Note: L2Out via EPG is the most widely deployed version of the L2Out, and is the recommended configuration.

 

Cool. Got it. But what are some design prerequisites?

 

When using Common Pervasive Gateway, we have three requirements:

 

  1. The Bridge domain that is configured to communicate across ACI fabrics must be configured for flood mode.

    This means we need to set L2 Unknown Unicast to flood on the BD for Common Pervasive Gateway

 

  1. Only one EPG from a bridge domain (If the BD has multiple EPGs) should be configured on a border Leaf on the port which is connected to the second Fabric.

    This means we should have only one L2Out for each BD with Common Pervasive Gateway. And any normal EPGs in the same BD with Common Pervasive Gateway cannot use the port used for L2Out connection between two ACI Fabrics

  2. Do not connect hosts directly to an inter-connected Layer 2 network that enables a pervasive common gateway among the two ACI fabrics.

    This means L2Out connection between two ACI Fabrics for Common Pervasive Gateway must be used only for L2Out connectivity between two ACI Fabrics.
    For example, even if we have an external L2 switch between two ACI Fabrics for L2Out connectivity for Common Pervasive Gateway, we cannot connect any hosts to that switch with same vlan as L2Out. Also we cannot connect any hosts to that switch even with other vlans for any EPGs in the same BD which is the second prerequisite above.

 

Here’s a picture of what is described above for you visual folks!Image 4.jpg

And because the common pervasive gateway is also a feature to extend BD, each BD with common pervasive gateway requires one L2Out respectively.

 

Here’s a visual of the GUI:Image 5.jpg

It’s Questions & Answer time!

 

What is the purpose of virtual IP?

The BD subnet marked as virtual IP should be default gateway for servers. This IP must be identical across multiple ACI Fabrics.

 

Also if a BD subnet is configured as virtual IP, that IP address won’t be used as a source for ARP request originated from ACI Leaf BD SVI as long as other non-virtual IP exists in the same subnet. This is to make sure that BL1 in ACI Fabric1 in the previous scenario generates ARP request to H2 with unique sender MAC,IP for ACI Fabrics.

 

What is the purpose of virtual MAC?

 

When virtual MAC is configured, it becomes router-mac for the BD. Hence the packet with DMAC set to physical MAC (custom MAC in GUI) is no longer routed on the BD but just bridged.

 

ARP requests for any of SVI subnets on the BD is resolved with this virtual MAC. If it wasn’t resolved with virtual MAC, it may hit CSCux73998 .

 

How is physical MAC (custom MAC in GUI) used after virtual MAC is configured?

 

When traffic is routed on BD and source MAC needs to be rewritten, physical MAC is used as a source MAC for the packet.

 

Also it is used as a source MAC when traffic is generated from BD SVI such as ping from BD SVI.

 

This applies to both virtual IP and non-virtual IP. So even when ping is sourced from virtual IP, physical MAC is used as source MAC.

 

How is a packet with DMAC set to physical MAC (custom MAC in GUI) processed on ACI Leaf after virtual MAC is configured?

 

It will be bridged as normal Layer2 traffic.
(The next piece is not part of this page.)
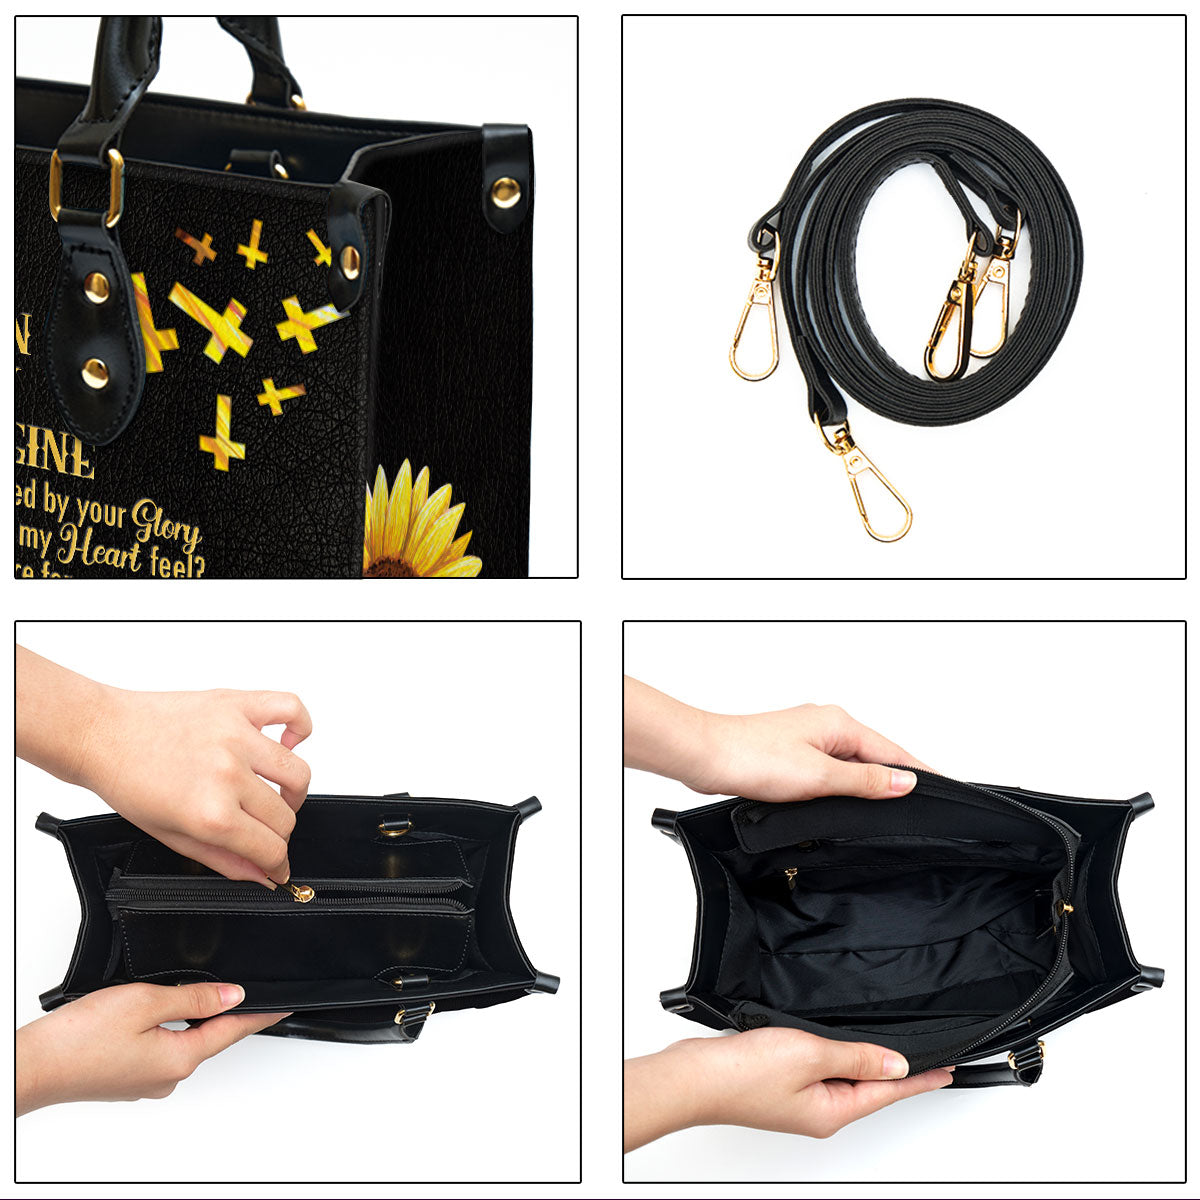 I Can Only Imagine Sunflower And Cross Personalized Leather Handbag With Handle - Gifts For Religious Women

It cannot be routed on BD with virtual MAC since router-mac for the BD is already replaced with virtual MAC. Hence as long as ACI Leaf doesn’t learn the physical MAC from outside, it will be processed as unknown L2 unicast.

 

Can we still ping to BD SVI with DMAC set to physical MAC (custom MAC in GUI) after virtual MAC is configured?

 

Yes. Given Layer2 forwarding table, it looks like a packet should not be processed in CPU but just bridged. However, due to sup-tcam entry below, ICMP packets destined to BD SVI (router-ip for BD) are sup-redirected.Image 6.JPG

Can we still use non-virtual IP as default gateway for servers when virtual MAC and virtual IP are configured?

 

Technically yes but not recommended. It would work because ARP is always resolved with VMAC even for non-virtual IP.

 

What if virtual MAC is configured without any virtual IP?

 

Same thing still happens as described in the question “What is the purpose of virtual MAC?”

 

However, ACI Leaf switches cannot be sure which BD subnet is used as common across ACI Fabrics. Hence ARP request for H2 from BL1 in the previous scenario may be generated with sender IP of the one which is supposed to be virtual IP, in other words, the one configured as BD SVI on another ACI Fabrics as well. ACI Fabric1 fails to resolve ARP for H2 if that happened.

 

Why do we have to configure non-vitual IP on top of virtual IP in the same subnet?

 

If there was only virtual IP, target IP for ARP reply from H2 in previous scenario would be virtual IP because BL1 had no choice other than generating ARP with sender IP set to virtual IP. Hence ARP reply from H2 would be sup-redirected on L2 in ACI Fabric2 due to this sup-tcam entry.Image 7.JPG

Why do we have to configure unique non-virtual IP for each ACI Fabrics?

 

Same reason as above.

 

Why do we have to configure unique physical MAC (custom MAC in GUI) for each ACI Fabrics?

 

Basically same reason as non-virtual IP. If DMAC of ARP reply is same as one of router-mac, it is sup-redirected and not forwarded.Image 8.JPG

All About Verification.

 

We need to know how to verify the current software and hardware status is correct. We can do that by checking each processes described at previous section.

 

Policy Manager (Logical Object)Image 9.JPGPolicy Manager (Concrete Object)Image 10.JPG

Policy Element (Concrete Object)Image 11.JPG

SVIMgrImage 12.JPG

IPMgrImage 13.JPG

ARPImage 14.JPG

ELTMCImage 15.JPG

 

Image 16.JPG

Here are some additional troubleshooting tips.

 

As described in FAQ section, BD SVI always uses physical BD MAC (custom MAC in GUI) as source MAC even though it replies to ARP request with virtual MAC.

 

Hence the expected dst/src MAC in packets through BD with virtual MAC are as follows.

 

(that is, assuming both BDs are using virtual MAC)

 

ICMP echo:

 

H1(192.168.0.1) —-> [(192.168.0.254)BD—BD(192.168.1.254)] —-> H2(192.168.1.2)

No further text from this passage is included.